The network is halfway through its first two-year research cycle, which focuses on the collaborations between businesses and nongovernmental organizations (NGOs). For example, in 1997, the supermarket chain H-E-B expanded its regional base from Louisiana and Texas across the border to Mexico. It was the sort of companydefining moment that cases are made of, a fact not lost on professors Gerardo Lozano and Carlos Romero at Mexico's Escuela de Graduados en Administración y Dirección de Empresas (EGADE). Rather than focus on cross-cultural marketing or management issues, however, their case examines the relationship developed between H-E-B and the Monterrey Food Bank, a program administered by the Mexican branch of the nonprofit organization Caritas.

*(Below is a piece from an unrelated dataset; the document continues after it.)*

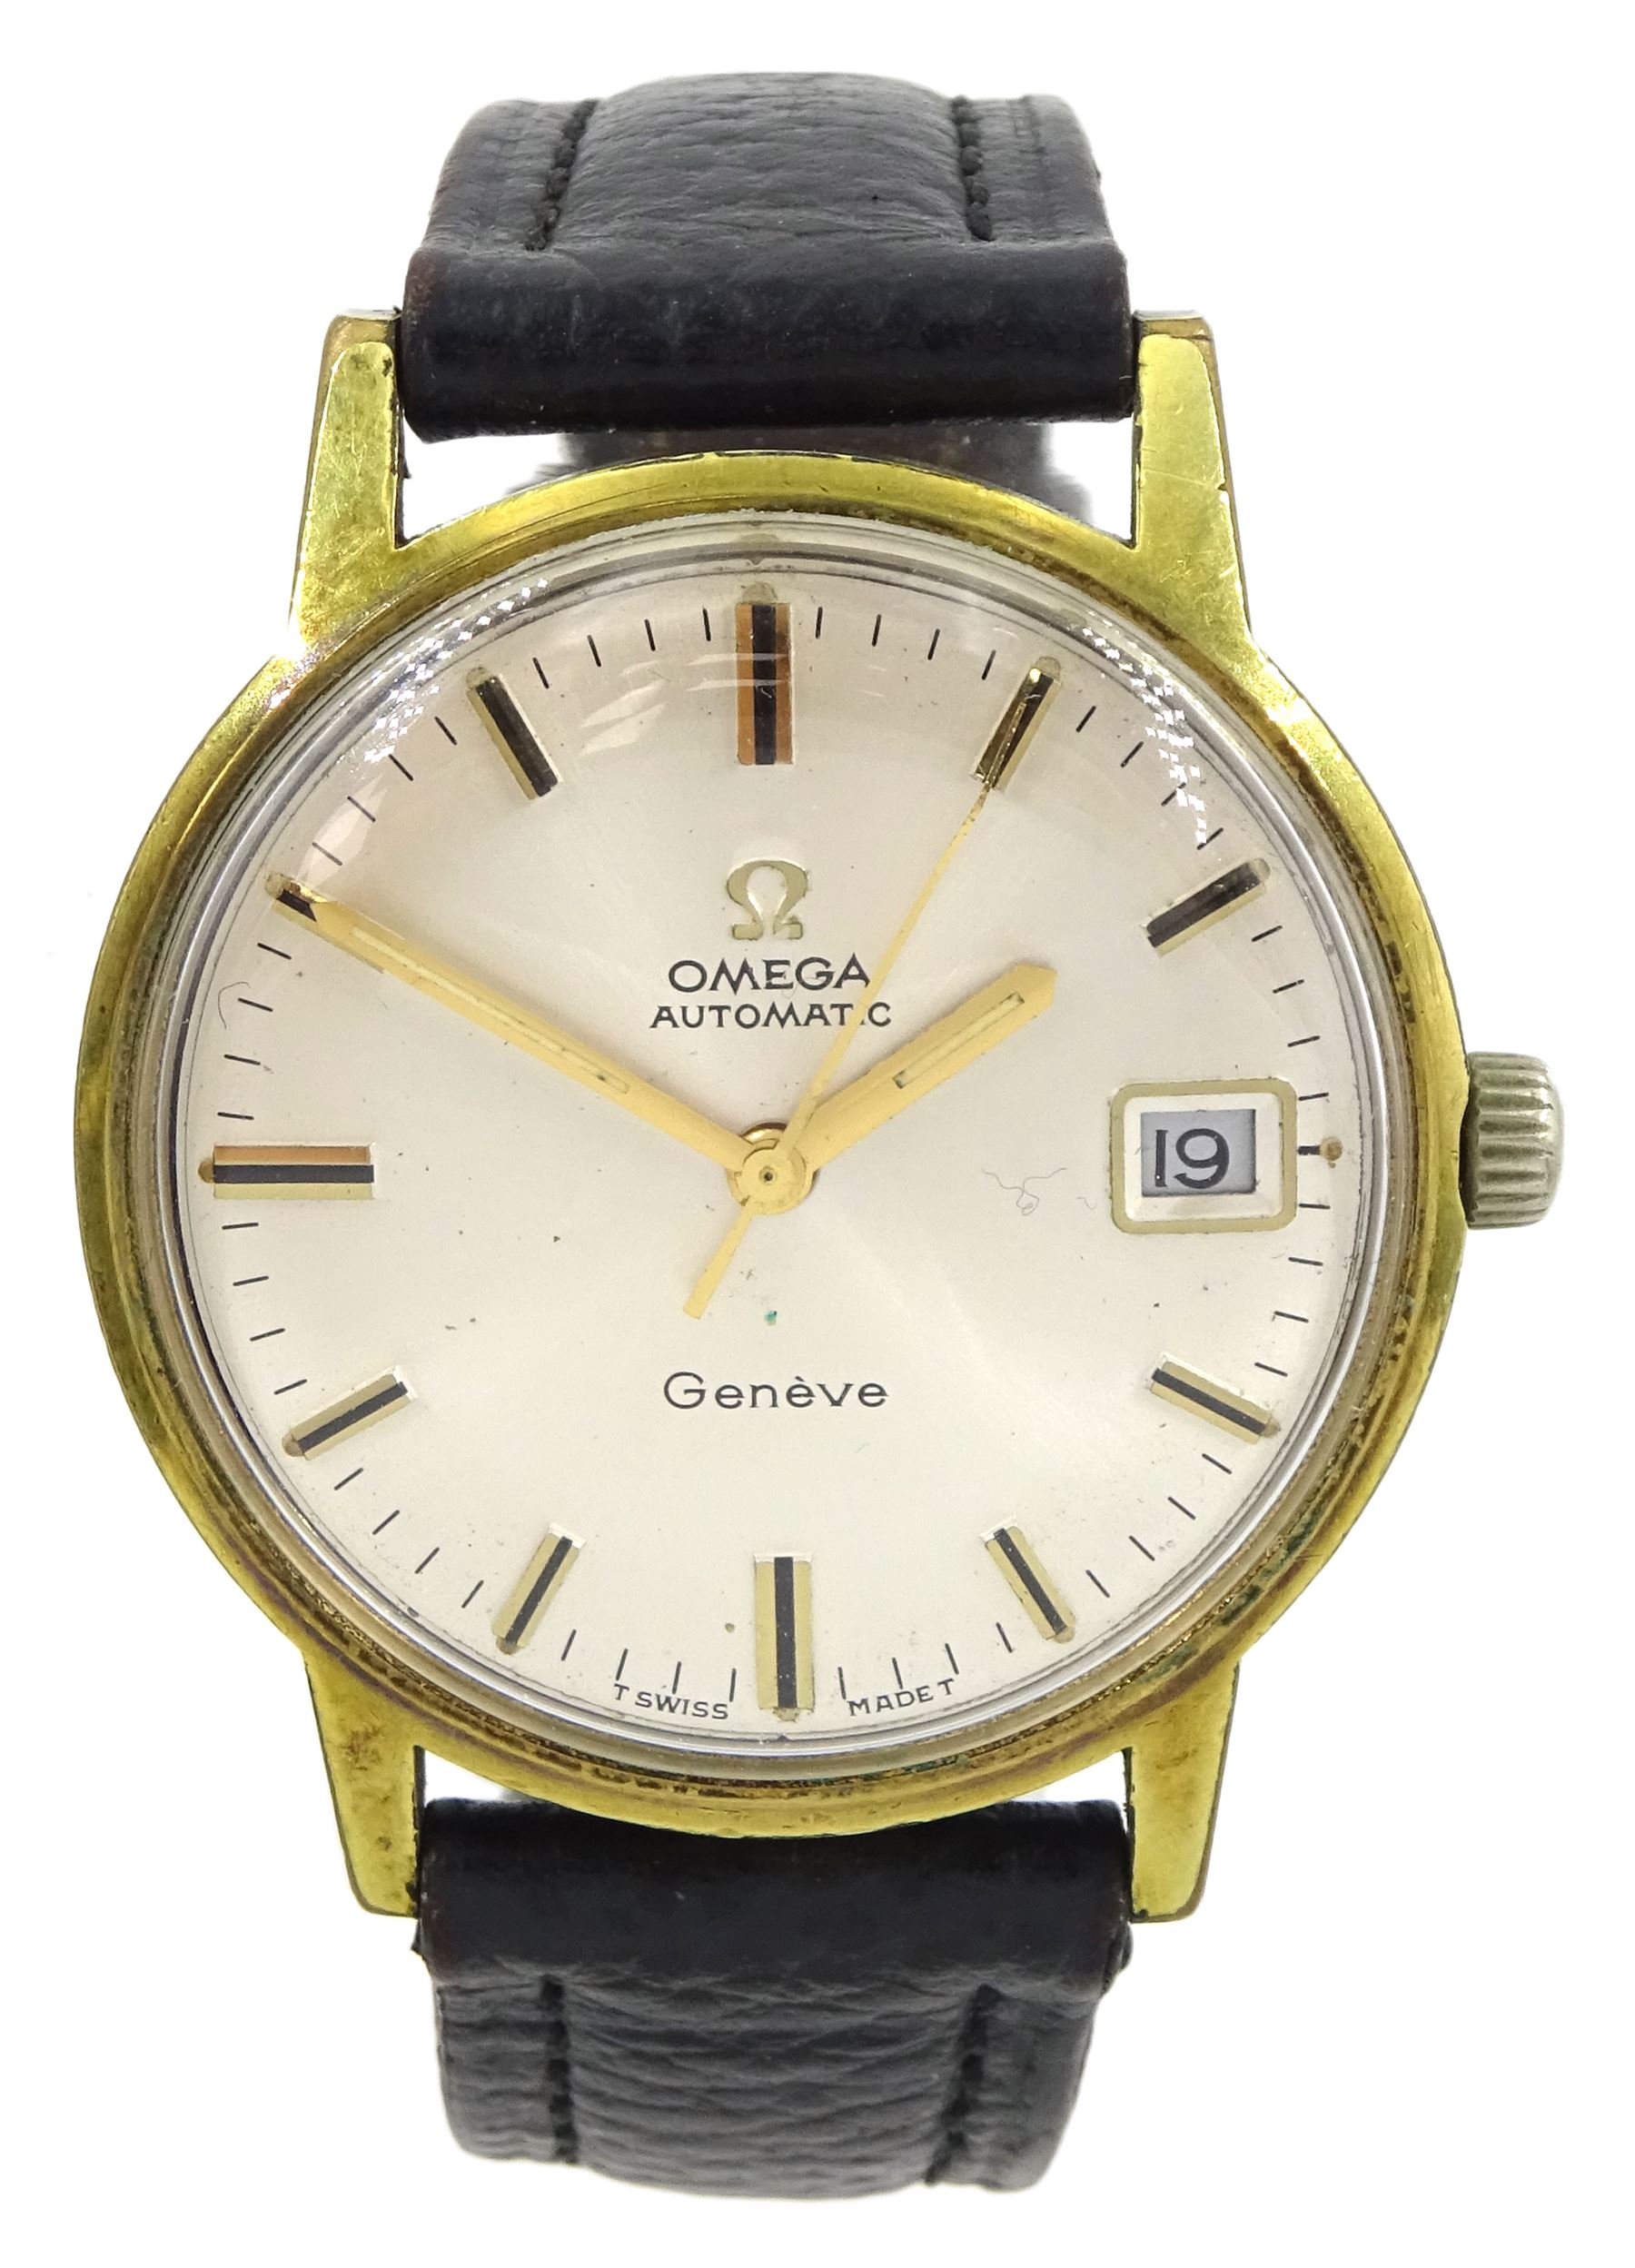 Omega Geneve gentleman's gold-plated automatic wristwatch

The outcome? The nonprofit, which received sporadic support in the past, suddenly had access to the organizational expertise of H-E-B's long history of involvement in the United States with food banks and distribution networks. For its part, H-E-B realized its corporate values of contributing to the communities in which it operates and generated goodwill and brand enhancement in this new market. Other case subjects range from the Young Nicaraguan Entrepreneurs program to Agricola Aritzia, a leading Chilean poultry producer that formed a partnership with Corporación Municipal de Melipilla, a public health and education nonprofit. “When companies engage in cross-sector partnerships, they reap unsuspected benefits while becoming agents for social change,” Reficco notes. “It's been wonderful to see some of these programs snowball and extend their range of influence.” The network will produce 28 cases documenting various experiences with cross-sector collaboration as well as a book comparing the experiences across the region.

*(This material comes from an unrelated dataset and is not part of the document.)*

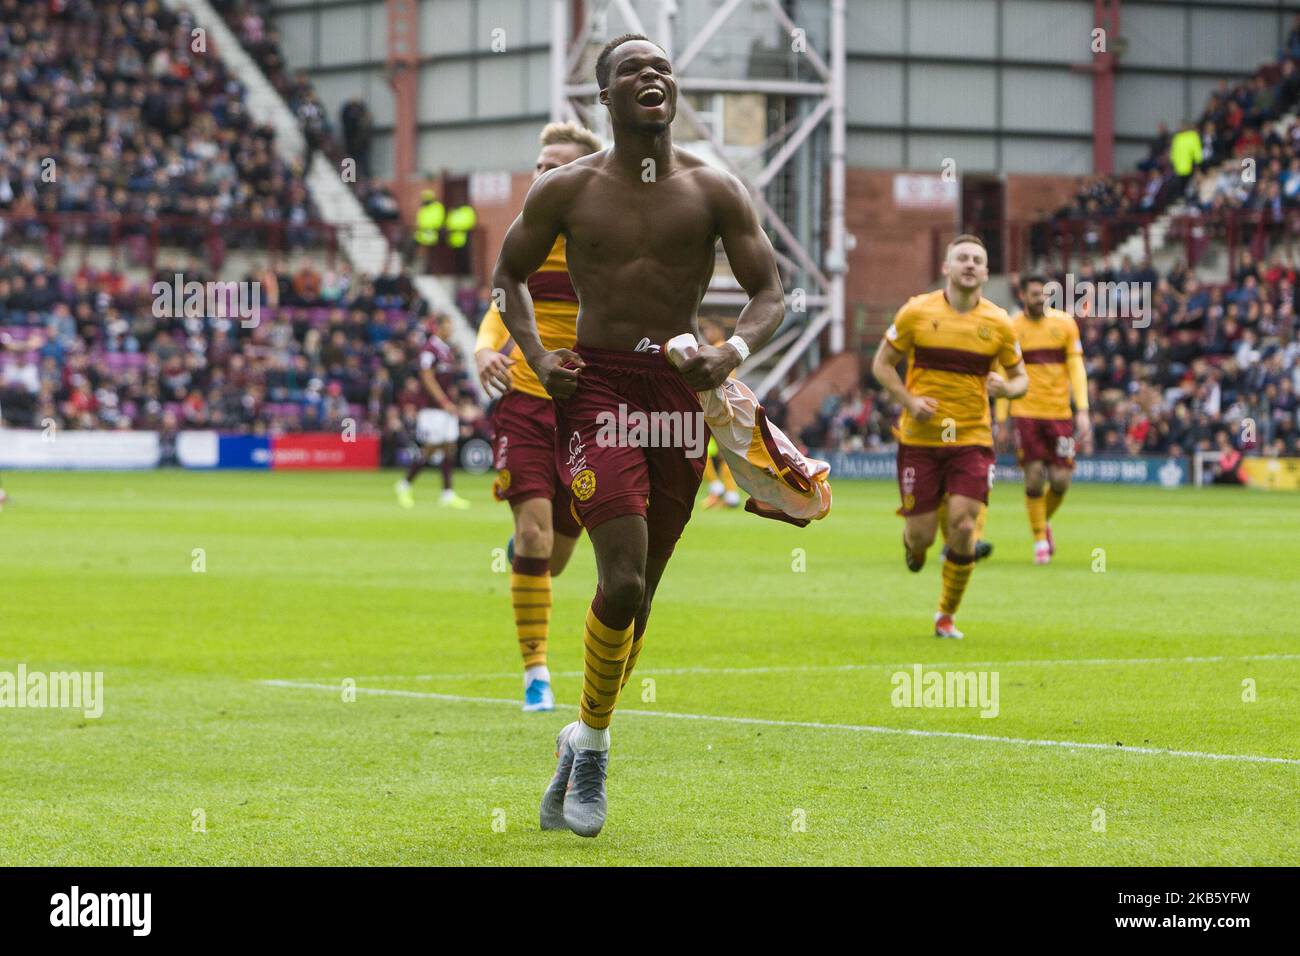 Sherwin Seedorf of Motherwell celebrates scoring his team's second goal during the Scottish Premier League match between Hearts and Motherwell at Tynecastle park on 14 September, 2019 in Edinburgh, Scotland. (Photo by Ewan Bootman/NurPhoto) Stock Photo

In addition to supporting case development and social change in Latin America, the SEKN expects the organization to create a long-term forum for ideas between partner universities. “We're facilitators,” Reficco says. “We want to show that social enterprise can work — that this is not just a passing fad imported from the North.” The SEKN's first research cycle will conclude in August 2003 with a conference on the HBS campus that will include faculty from partner universities as well as business leaders and nonprofit managers from Latin America.

“As in all its other functional areas, HBS also takes a global perspective on social enterprise,” Austin notes. “NGOs are critical actors in the global arena that play an increasingly important role in shaping the business environment and in enabling companies to more effectively address social issues through collaborative actions. Finding innovative ways to increase the capacity of managers to address the needs of society is central to the HBS mission of developing leaders who make a difference in the world.”